Дед Олифёр иронически заметил:

— Права, говоришь, сын? А как же! Большие у мужика права — есть что пропивать!..

Он залился смехом, а Лаврин молча глядел на отца серыми грустными глазами.

Пьяные песни неслись над селом. Бондарь Парамон с пьяных глаз пошел на озеро купаться и утонул. У вдовы бараночницы Лепестины парни сняли с петель ворота. Пьяный Давид Чобиток схватил топор и вырубил возле своего дома вишневый сад.

Пасха миновала, наступило тяжелое похмелье. Снова за работу, снова думы о куске хлеба для семьи, снова одолжаться у Кондрата Носюры или у отца Сидора.

Пришла настоящая весна, загудели пчелы, пора было пахать под яровые, сеять, а тут ни плуга, ни коняги, ни семян. Опять без Носюры не обойдешься. Носюра, кому захочет — даст, а кому и нет. За все ему нужно отрабатывать в самую что ни на есть горячую пору — во время жатвы, когда на своей крохотной нивке будет зерно осыпаться.
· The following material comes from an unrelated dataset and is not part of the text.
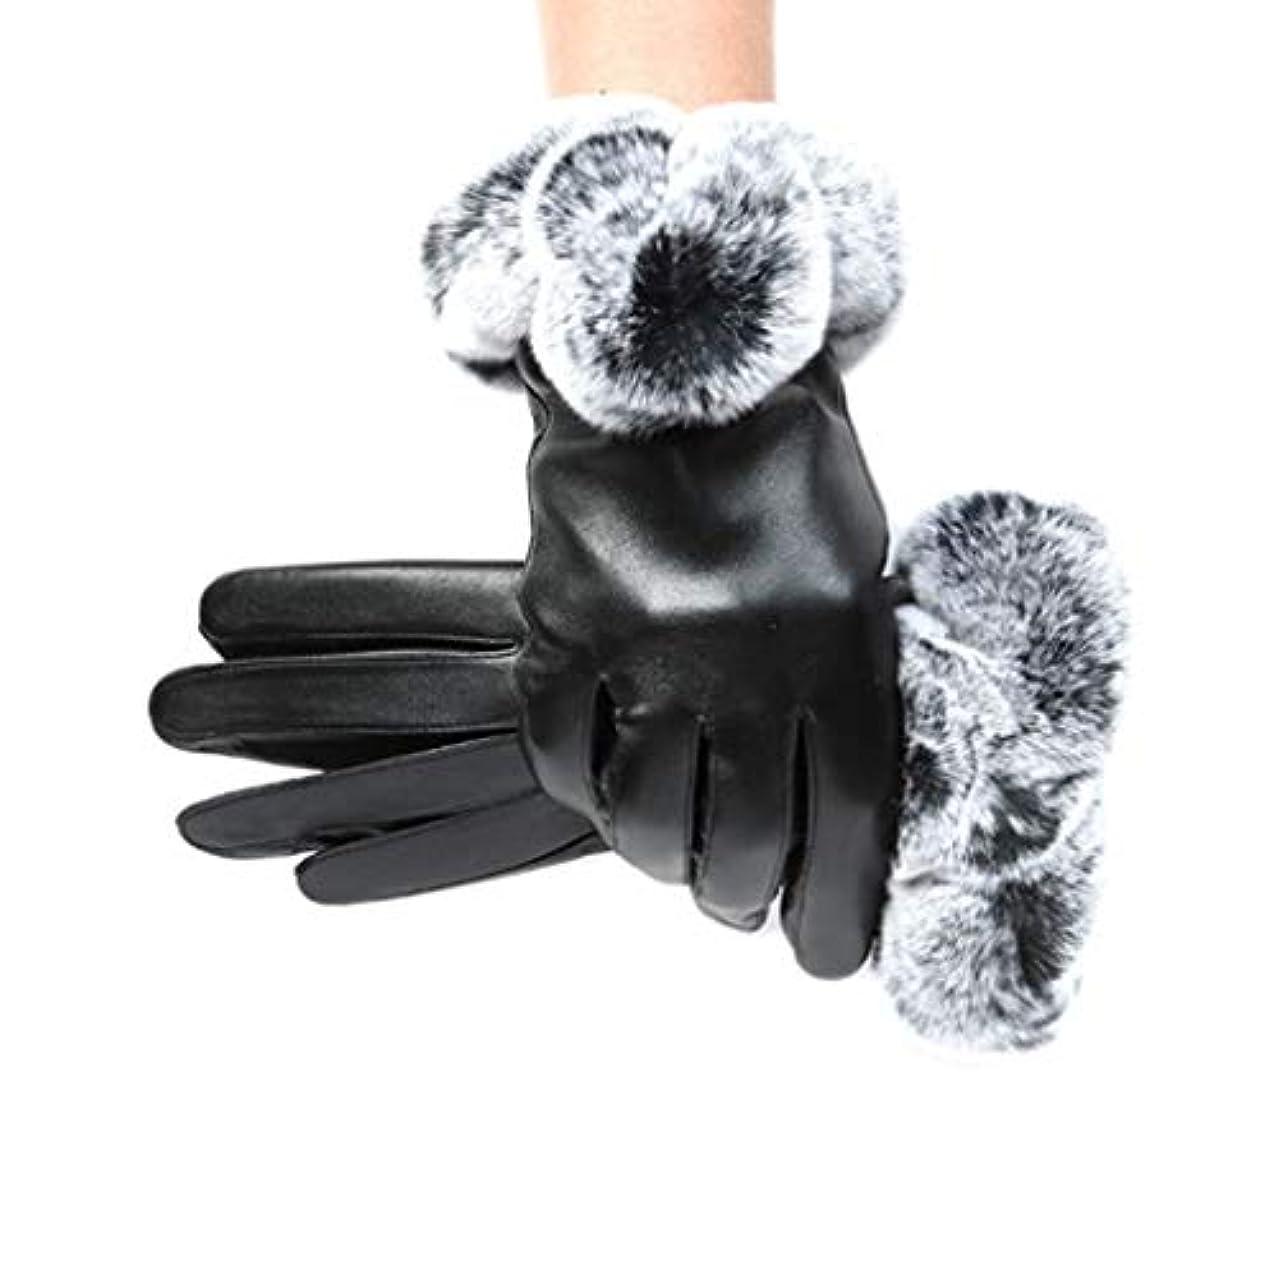 マウスピース生まれ再生レザーグローブ冬の暖かい手袋レディースアウトドアライディンググローブ防風コールドプラスベルベットのタッチスクリーングローブ女性モデル

Многие ходили на поклон к графу Скаржинскому, но граф мало обращал внимания на поклоны и просьбы мужиков.

У Лаврина был плуг. Он спарился с Давидом Чобитком, у которого была сухопарая кобылка, и вспахал свой клочок поля. Чобиток шел за плугом, и но его рябому, изрытому оспой лицу обильно катились слезы — ему все еще невыразимо жалко было вырубленного вишневого садочка.

В прошлые годы Лаврин арендовал у Скаржинского десятину земли. Но теперь отказался от этого, так как сколько, бывало, ни уродит, почти все приходилось отдавать графу за аренду. Себе если оставалось пудов пять-шесть — и то хорошо. Лучше уж податься на заработки или пойти в наймы к Носюре.

Дед Олифёр ежедневно приносил с озера карасей и щук, продавая их в селе за бесценок, — до волостного села, где ежедневно бывал базар, далеко, верст тридцать. А все же рыбная ловля деда поддерживала всю семью. Хотя ели гречневый и ржаной хлеб с остюками, однако голодные не сидели. Старушка Федора говаривала:

— Хоть не густо, да в брюхе не пусто.

Кончался апрель, цвели вишневые сады. Люди отсеялись, на полях зазеленела шелковая озимь, прилетели аисты, начали строить на риге Носюры гнездо.

Люди дивились, говорили:

- Богатому -- счастье! У богатого рига самая высокая, у него и аисты.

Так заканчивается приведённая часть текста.